------ Source material ------

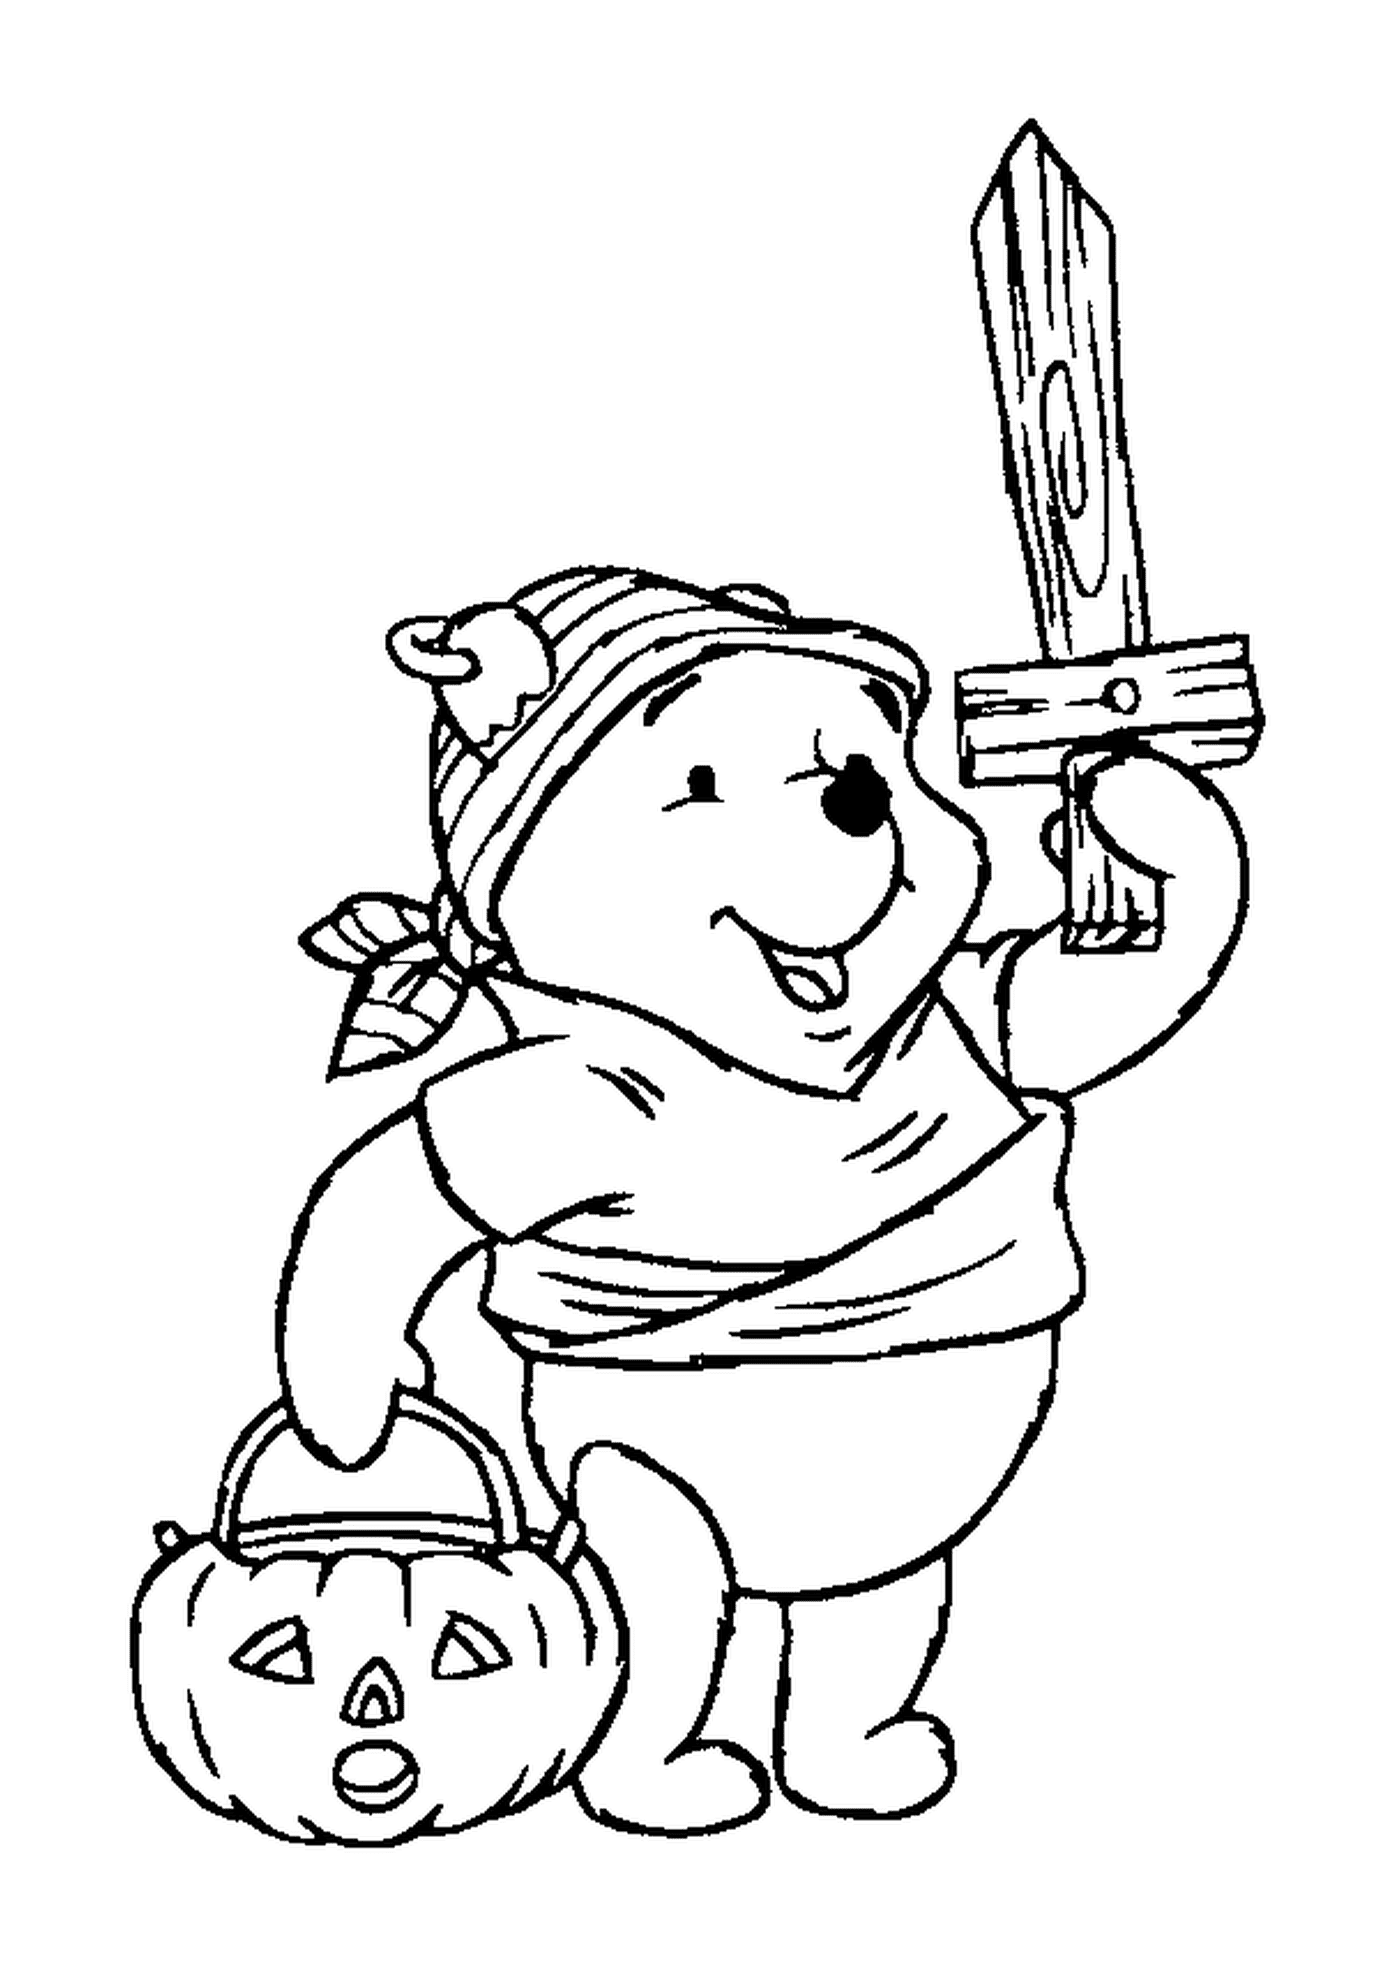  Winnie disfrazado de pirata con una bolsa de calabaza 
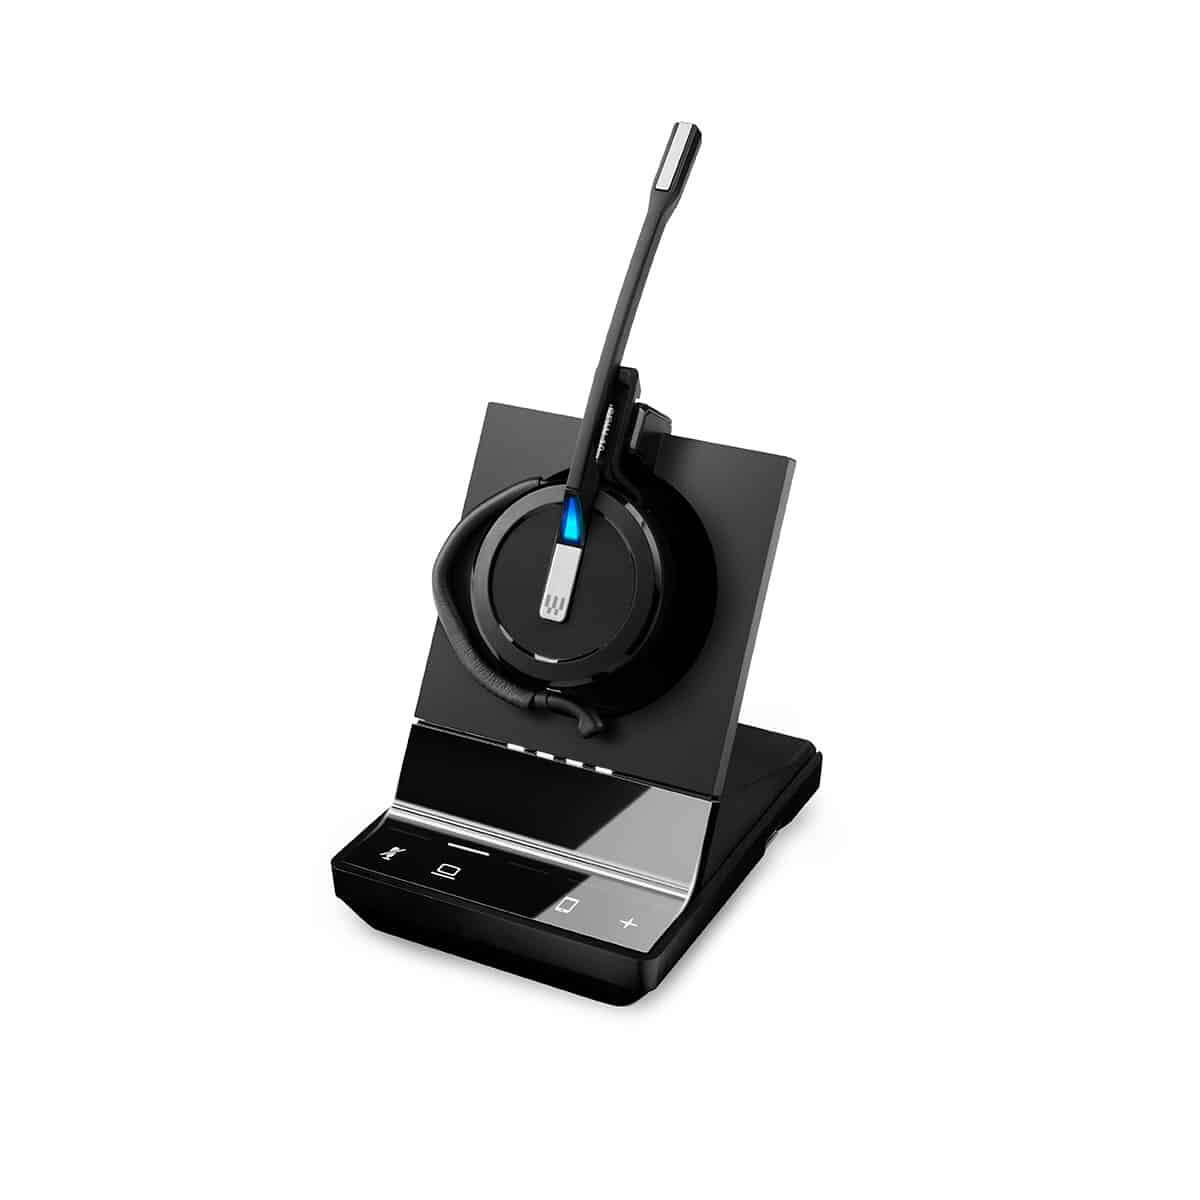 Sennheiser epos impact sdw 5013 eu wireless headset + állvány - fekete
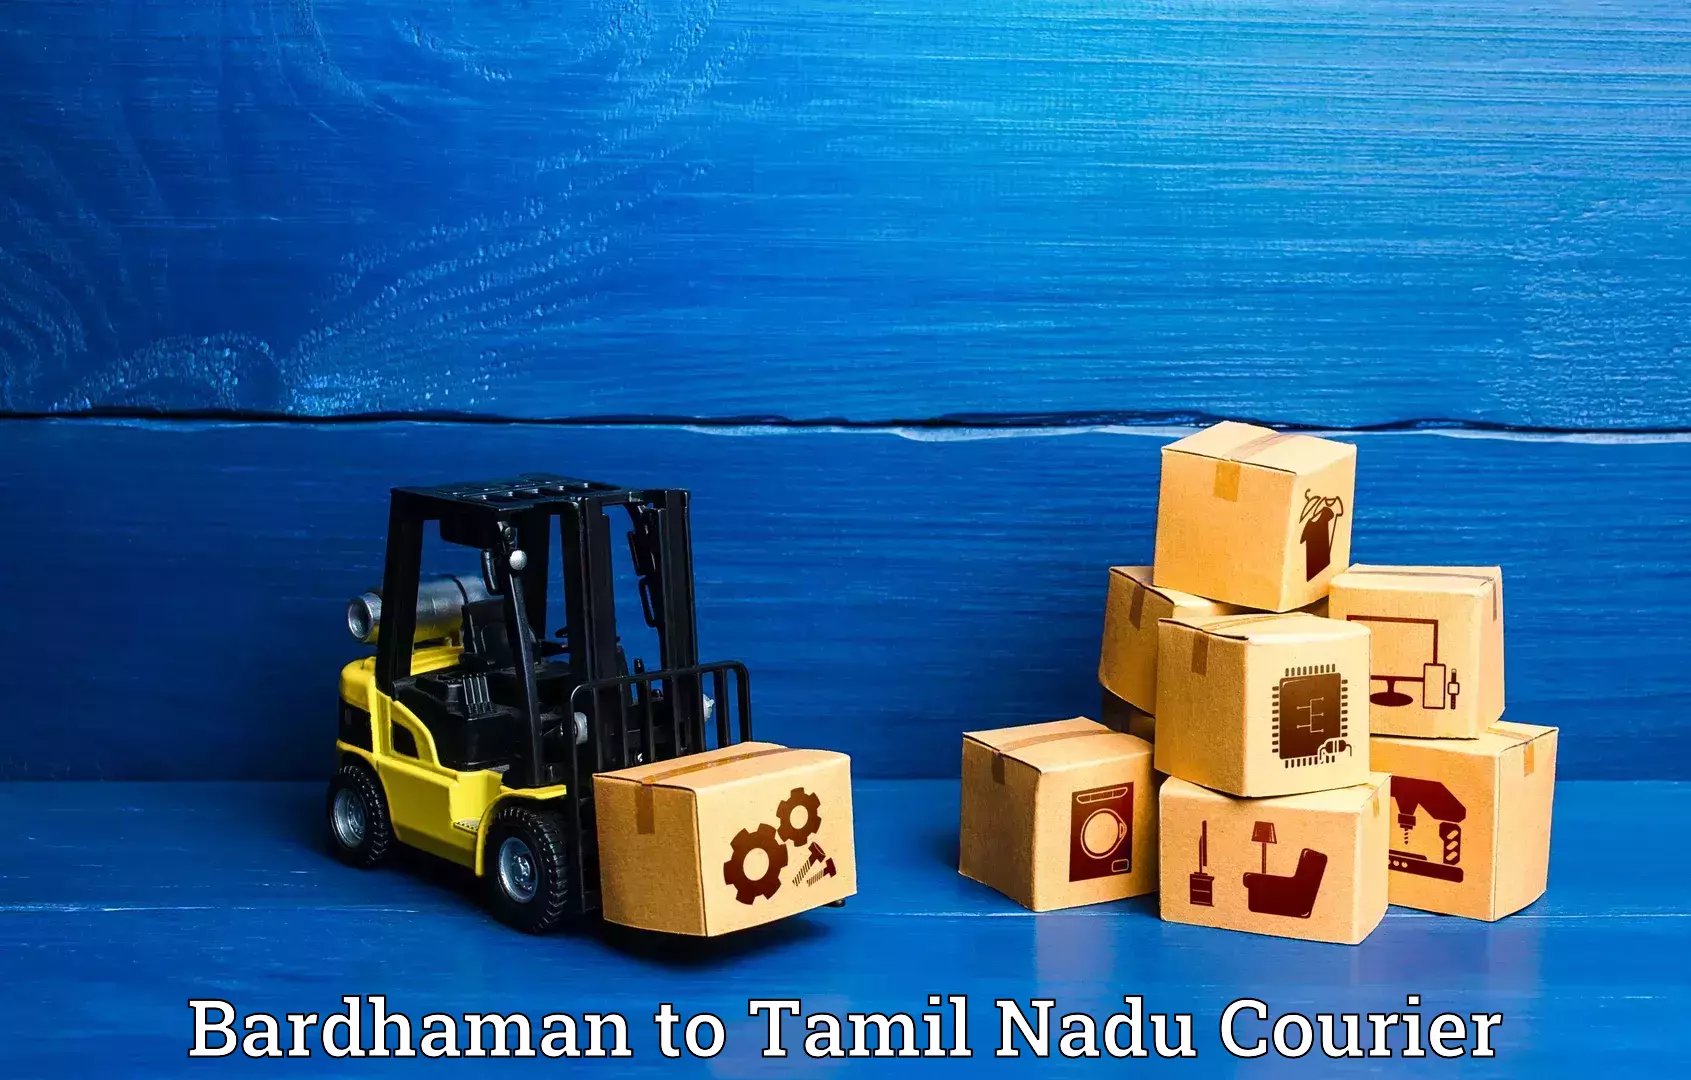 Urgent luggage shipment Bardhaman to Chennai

------

-- Task directions --
Start at the first line and set down all of the data exactly, passing over the pictures.

-- Task answer --
  Winnie disfrazado de pirata con una bolsa de calabaza 
 Sennheiser epos impact sdw 5013 eu wireless headset + állvány - fekete
 Urgent luggage shipment Bardhaman to Chennai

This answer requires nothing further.